# Blog #1, a Ligeti opera and a Liszt Symphony



## Xenakiboy (May 8, 2016)

Xenakiboy said:


> I've been listening to Ligeti's Le Grande Macabre and Liszt's Faust Symphony on heavy rotation recently.
> Both works are a marvel to behold; Macabre is so delicately composed, showing a precise idea of the interaction between the characters and the instruments. But the humor in it is some of the most plain awesome I've seen since Zappa and Kagel. Some of the hilarious quotes, that would probably be censored too with "**" symbols, is oddly inspiring. The opera is hilarious and has a large element of satire.

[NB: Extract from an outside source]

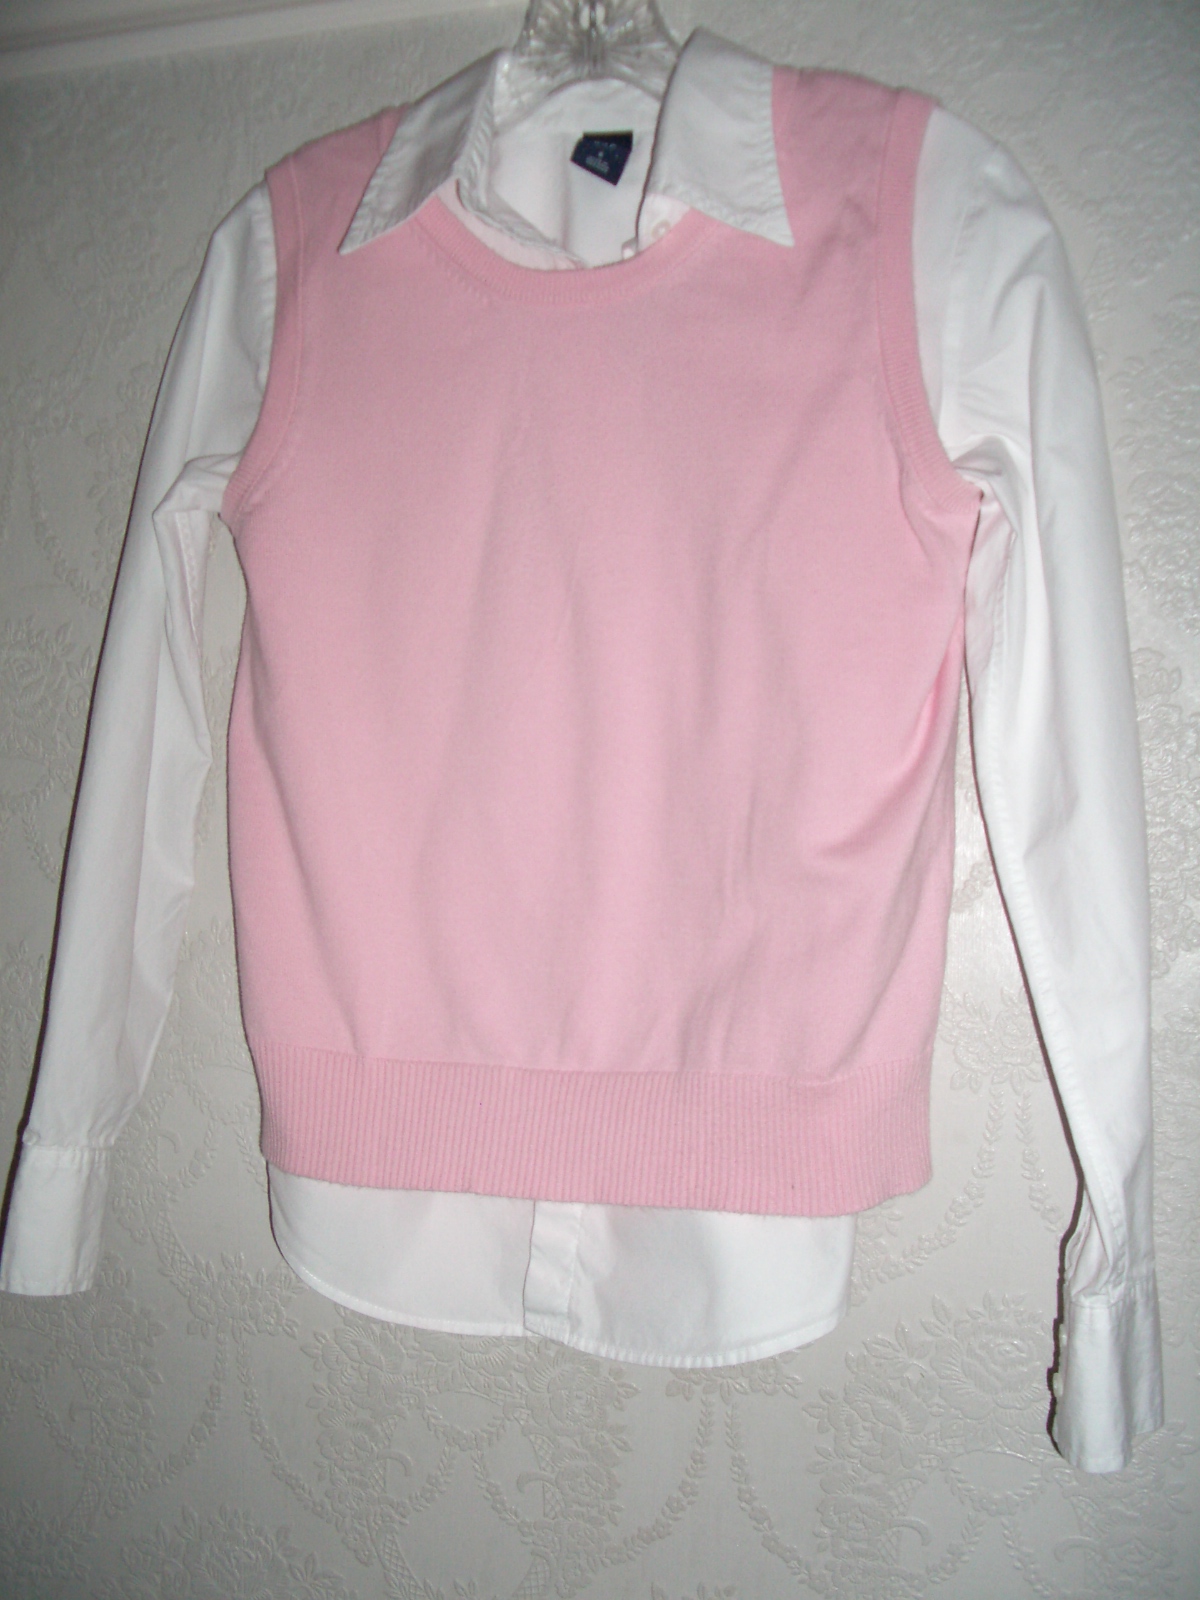 white-shirt-pink-sleeveless-sweater.JPG

The amazing thing is that it doesn't come off to me like satire, its a surreal story that is a load of fun.
> This opera has given me a new love for Ligeti!!
> The Liszt's Faust Symphony is like a taste-test of the 20th century, in a way. When I hear it, I can't help thinking "that's Schoenberg" or "that's Bartok" or "that's Mahler". It isn't a bad thing, it's like another Grosso Fugue to me; a prelude to the future. Though, like Grosso that future has already been.
> I liked Liszt already, his piano works are some of the most impressive I've seen, but this Symphony has given me something to be perplexed by!


----------